I use CUSP conjugate gradient method to solve my symmetric sparse matrix. And I have no idea why it doesn't converge. Dimensions of matrices I use are not that large (1K to 100K). The same linear systems are easily solved by MKL, so the matrix is not ill-conditioned. However I tried adding preconditioner, but it gave no results:
diagonal preconditioner and AINV (incomplete Cholesky) gave unlimited growth of residual (as long as cg and bicgstab)
Here's my code:
cusp::csr_matrix <int, float, cusp::device_memory> A (n, n, nnz);
for (i = 0; i < n + 1; i++)
A.row_offsets[i] = csrRowPtr[i] - 1;
for (i = 0; i < nnz; i++)
A.values[i] = csrVal[i];
for (i = 0; i < nnz; i++)
A.column_indices[i] = csrColInd[i] - 1;
cusp::array1d <float, cusp::device_memory> x (A.num_rows, 0);
cusp::array1d <float, cusp::device_memory> b (A.num_rows, 1);
for (i = 0; i < n; i++)
b[i] = b_host[i];
cusp::verbose_monitor<float> monitor(b, 100, 1e-3);
cusp::identity_operator<float, MemorySpace> M(A.num_rows, A.num_rows);
/*
cusp::precond::diagonal<float, MemorySpace> M(A);
cusp::precond::scaled_bridson_ainv<float, MemorySpace> M(A, .1);
*/
cusp::krylov::cg(A, x, b, monitor, M);
for (i = 0; i < n; i++)
x_host[i] = x[i];
Why isn't it working correctly?
P.S. As I understand CUSP supposes zero-based index, that's why I decrease csrRowPtr and csrColInd. When I used nVidia cuSparse library there was an option to set other parameters like matrix type and fill mode. How can I be sure they are set correctly in CUSP?

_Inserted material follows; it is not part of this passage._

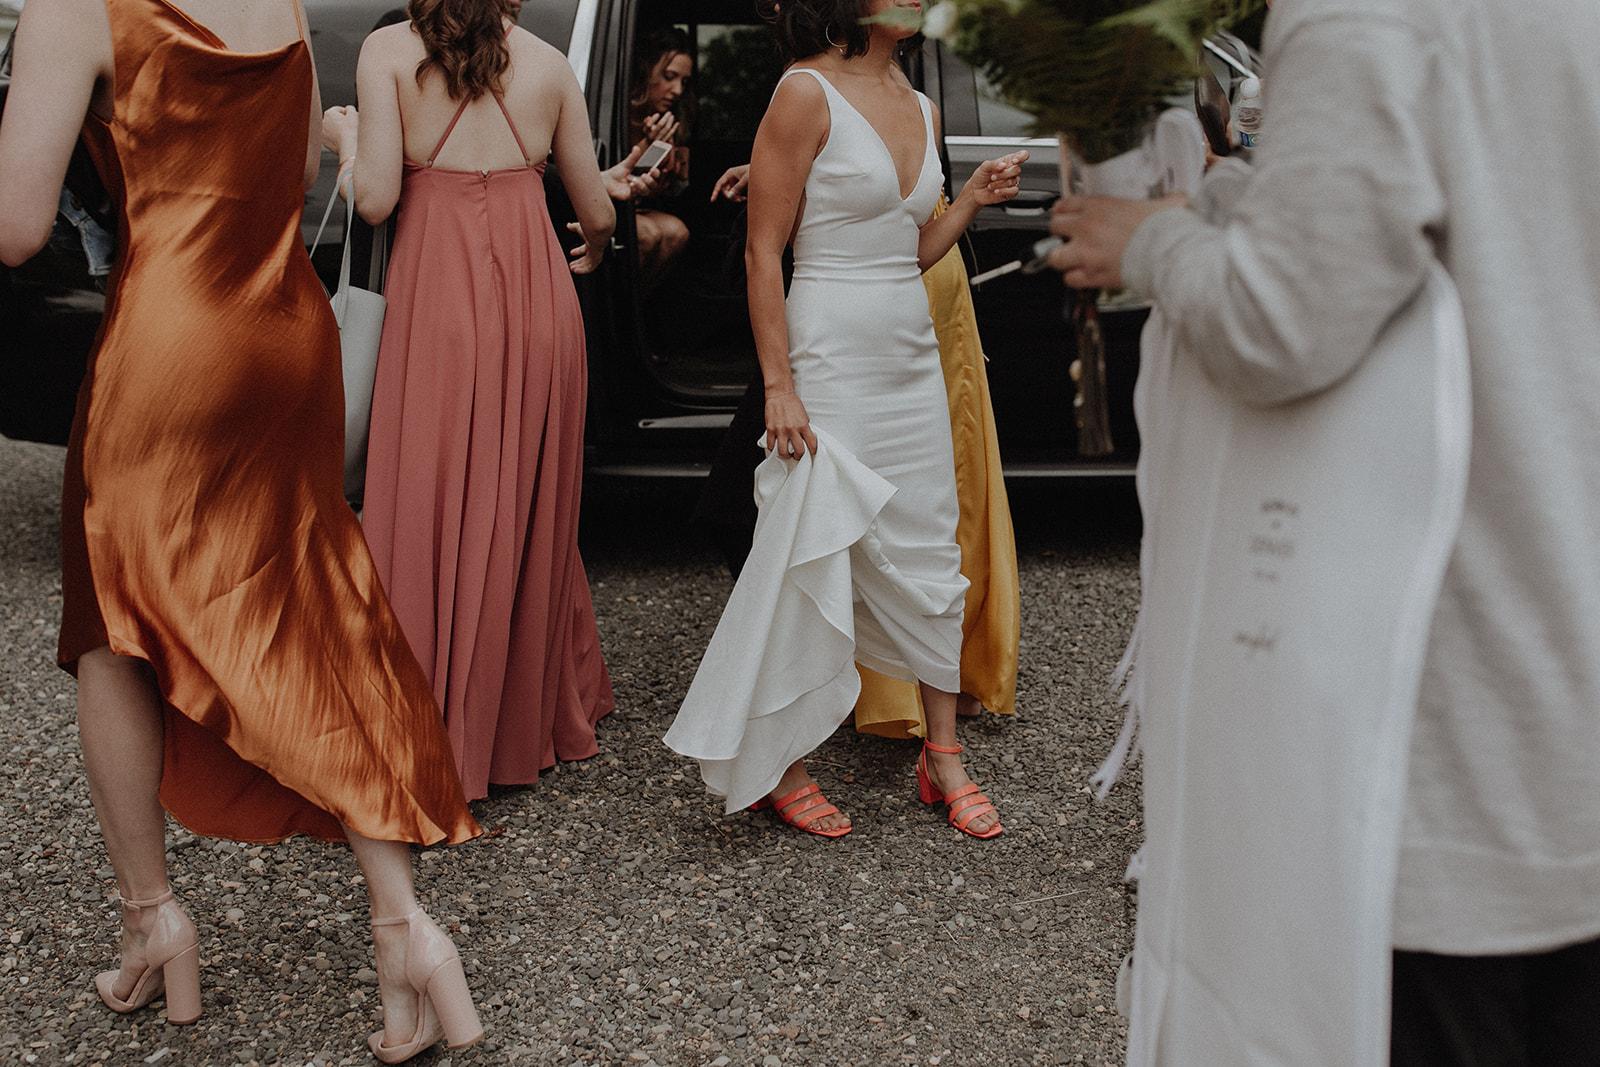 cortney_skye_wedding_june2019-53.jpg

Only elements from the upper triangle are stored in MKL's CSR format, but all the elements must be stored in CUSP's CSR format even if you are solving a symmetric linear system.
Also I think
is not a good idea; first transfer it back to host_memory
then copy it back to x_host or whatever your result array is